Dimanche marquera le premier anniversaire de l'arrivée au pouvoir de Mohamed Morsi. Pour «souligner» l'occasion, un mouvement d'opposition invite des millions d'Égyptiens à manifester pour demander le départ du président islamiste. Les enjeux en quatre questions et réponses.

Q Qui se cache derrière l'appel à manifester ?

R Un mouvement baptisé «Tamarud», ce qui signifie «rebelle» ou «tumulte», né en avril. «Le groupe a été mis sur pied par des jeunes qui ont été au coeur de la révolution de 2011», a dit à La Presse hier une des porte-parole du mouvement, Eslam Elhdary, jointe par téléphone. «Nous voulons que Morsi donne sa démission. Depuis qu'il est au pouvoir, il n'a pas respecté l'esprit de la révolution et beaucoup de gens ont été tués (lors de manifestations). De plus, il donne tout le pouvoir aux Frères musulmans. Nous ne voulons pas de quelqu'un qui divise ainsi le pays». Ce groupe dit avoir amassé 20 millions de signatures d'électeurs égyptiens pour le départ du président. Tamarud demande aux signataires de protester en grand nombre à partir d'aujourd'hui et jusqu'à dimanche, et ce, dans le but de mettre en marche une «seconde révolution». Tamarud, qui reçoit le soutien de ténors de l'opposition, compte présenter sa pétition à la Cour constitutionnelle pour inciter les juges à démettre M. Morsi de ses fonctions.

Q La loi égyptienne permet-elle une destitution du président ?

R «Non, du point de vue juridique, il n'est pas possible de destituer le président. La seule chose qui permettrait son départ serait une nouvelle élection [NDLR: les prochaines élections doivent avoir lieu dans trois ans] ou un coup militaire», explique Rex Brynen, professeur de sciences politiques à l'Université McGill et spécialiste du Moyen-Orient. Selon lui, il est bien peu probable que l'armée décide de renverser Morsi, qui a été élu lors d'élections jugées libres. «Personne ne fait la file en ce moment pour diriger l'Égypte», estime l'expert. Au cours des derniers jours, alors que la tension monte en Égypte - en plus de la campagne de Tamarud, le pays fait face à une pénurie d'essence -, l'armée a été déployée dans les rues des grandes villes. Le commandant de l'armée Abdul Fatah Al-Sissi dit que ses hommes interviendront pour empêcher le pays de plonger dans «un conflit incontrôlable».

Q Comment le président Morsi réagit-il à la campagne dirigée contre lui ?
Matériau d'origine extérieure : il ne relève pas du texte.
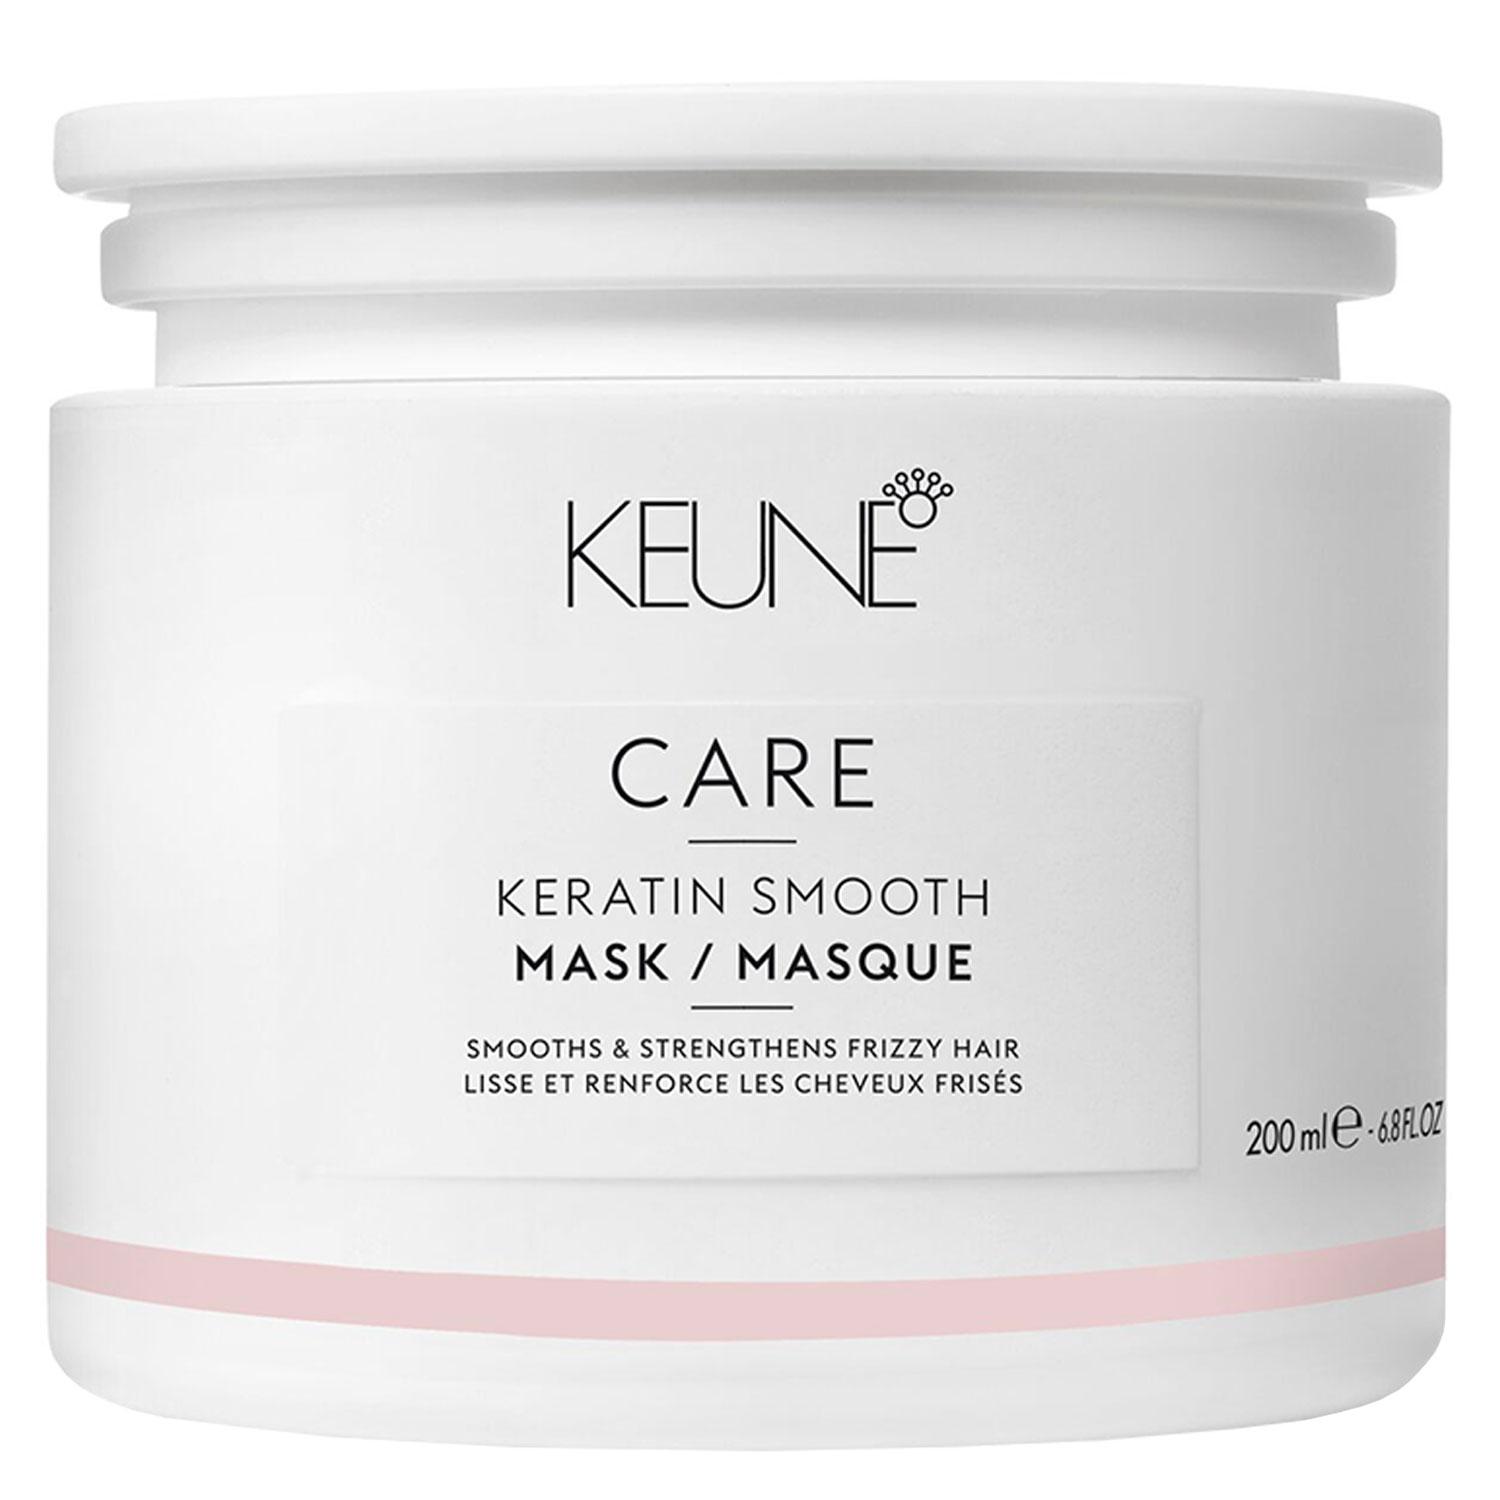 Keune Care - Keratin Smooth Mask

R Mercredi soir, le président a prononcé un discours à la nation de deux heures et demie au cours duquel, d'une part, il a admis avoir «fait des erreurs» pendant sa première année au pouvoir, mais où, d'autre part, il a accusé plusieurs politiciens et journalistes d'avoir tout fait pour «saboter la démocratie». Son discours a été reçu dans la colère, place Tahrir. Par ailleurs, en réponse à la campagne de Tamarud, les Frères musulmans ont mis sur pied un autre groupe, «Tagarud» ou «impartialité». Les partisans de Tagarud sont eux aussi invités à manifester ce week-end, cette fois en soutien au président Morsi. En novembre dernier, des manifestations concurrentes entre anti et pro-Morsi ont fait des dizaines de morts et des centaines de blessés, au Caire et à Alexandrie. Plusieurs craignent le même genre de confrontation pendant la fin de semaine. Selon plusieurs médias, beaucoup d'Égyptiens ont fait des provisions afin d'éviter de sortir pendant les troubles.

Q Comment peut-on évaluer la performance de Mohamed Morsi après un an au pouvoir ?

R «Il y a des choses dont on ne peut pas tenir Morsi responsable. Il a hérité d'une économie en déroute et souvent, son opposition n'est pas très raisonnable, note Rex Brynen. De manière générale, cependant, sa première année est un désastre. Il n'est pas capable de tendre la main à son opposition. Il a fait tous les faux pas qu'il pouvait faire», juge l'expert, rappelant le référendum contesté sur la constitution et les tentatives de Morsi de se mettre au-dessus de la loi. Rex Brynen croit que l'Égypte avait besoin d'un Nelson Mandela, capable de mettre de côté la partisanerie pour réconcilier le pays après la révolution. «Morsi est loin d'être un Mandela. C'est plutôt un politicien en bas de la moyenne», conclut-il.

- Avec Al-Ahram, la BBC, le New York Times et le Christian Science Monitor.